Fernandes (2012, s.p.) expõe a realidade de sua rotina, trazendo o seguinte relato:

Eu vivia em função de evitar que as coisas piorassem, sempre na mesma luta para controlar as crianças a fim de que não o irritassem. Minhas filhas continuavam sujeitas ao distúrbio emocional do pai, que sempre acordava de péssimo humor. Tudo era motivo de bater nas filhas, quebrar os brinquedos ou objetos quaisquer que encontrasse à sua frente.

O agressor foi protagonista de diversos episódios lastimáveis de violência de ordem física e psicológica contra sua esposa, intimidando-a, proibindo-a de visitar familiares, privando-a de sua liberdade pessoal e impondo-a o modo de educar as filhas.
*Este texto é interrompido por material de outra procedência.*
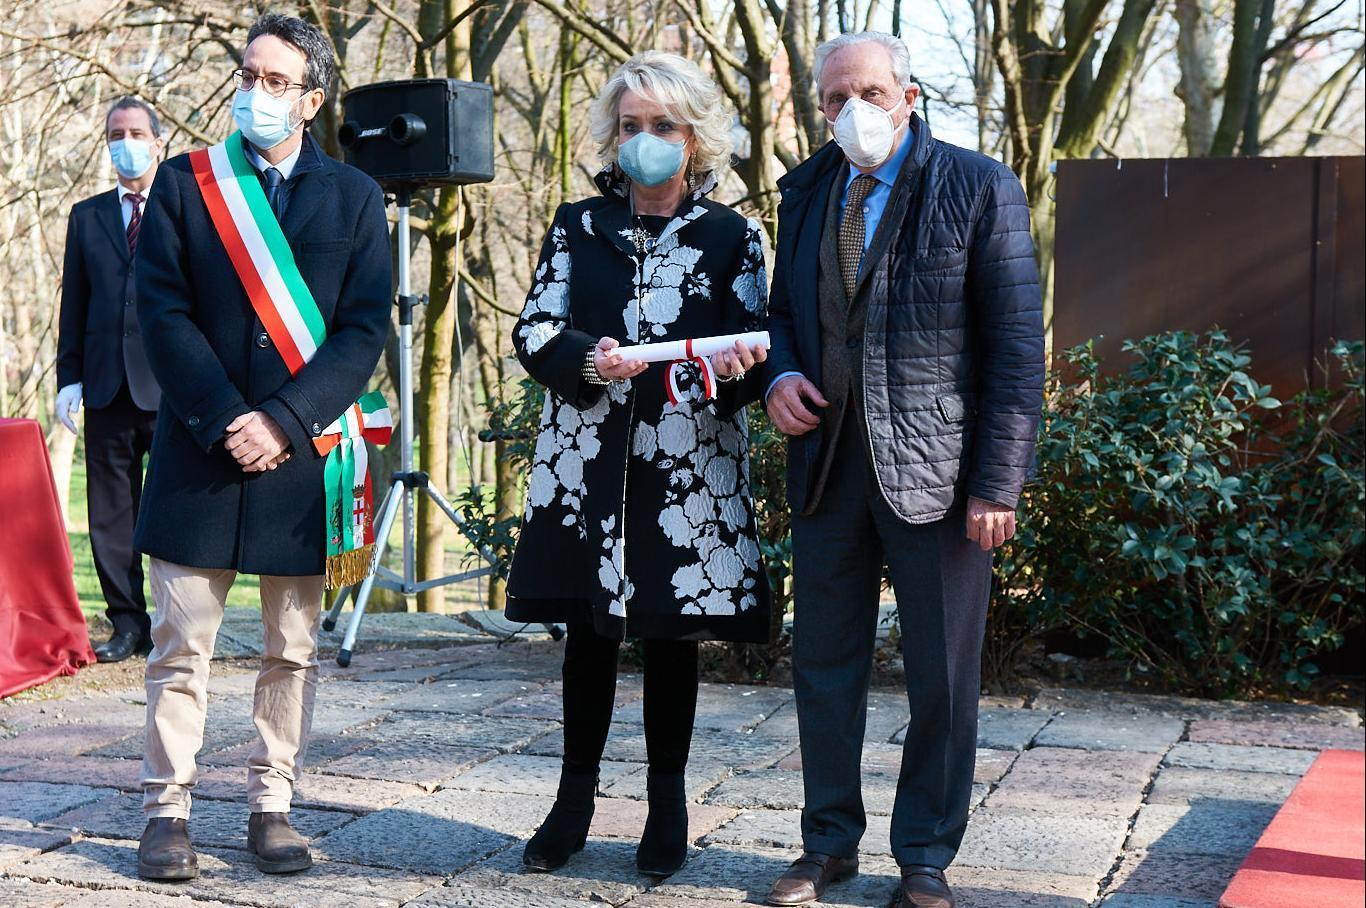 Lamberto Bertolé with Mario Iavarone and Daniela Iavarone, proponents of the Righteous candidacy of Giorgio Paglia and Cicci Vandone

Além disso, o ofensor preparava-se para herdar os bens da vítima, quando solicitava que a mesma assinasse seguro de vida, contrato de compra e venda de veículo, e quando efetuava fotocópias dos documentos pessoais da vítima.

Nesse viés, aponta a ofendida,

Passei a sugerir com frequência que ele procurasse outra vida, pois eu já não tinha condições de manter nosso relacionamento naqueles termos. Marco não se modificava nem tomava nenhuma iniciativa para solucionar o impasse e como a cada dia que passava a situação ficava mais lamentável, deduzi que ele estava forçando-me a pedir oficialmente a separação. Mas eu tinha a intuição de que, ao fazê-lo, ele me mataria (FERNANDES, 2012, s.p.).

Na madrugada do dia 29 de maio de 1983, Marco Antônio Heredia Viveros, iniciou a execução criminosa, objetivando a morte de sua esposa. A mesma acordou assustada com um forte barulho dentro do quarto. Embora não tivesse visto ninguém, tentou levantar da cama, mas sem sucesso. Em sua boca havia um gosto estranho de metal, e um “borbulhamento” nas costas, portanto, logo imaginou que seu esposo havia tentado lhe matar com um tiro (FERNANDES, 2012, s.p.).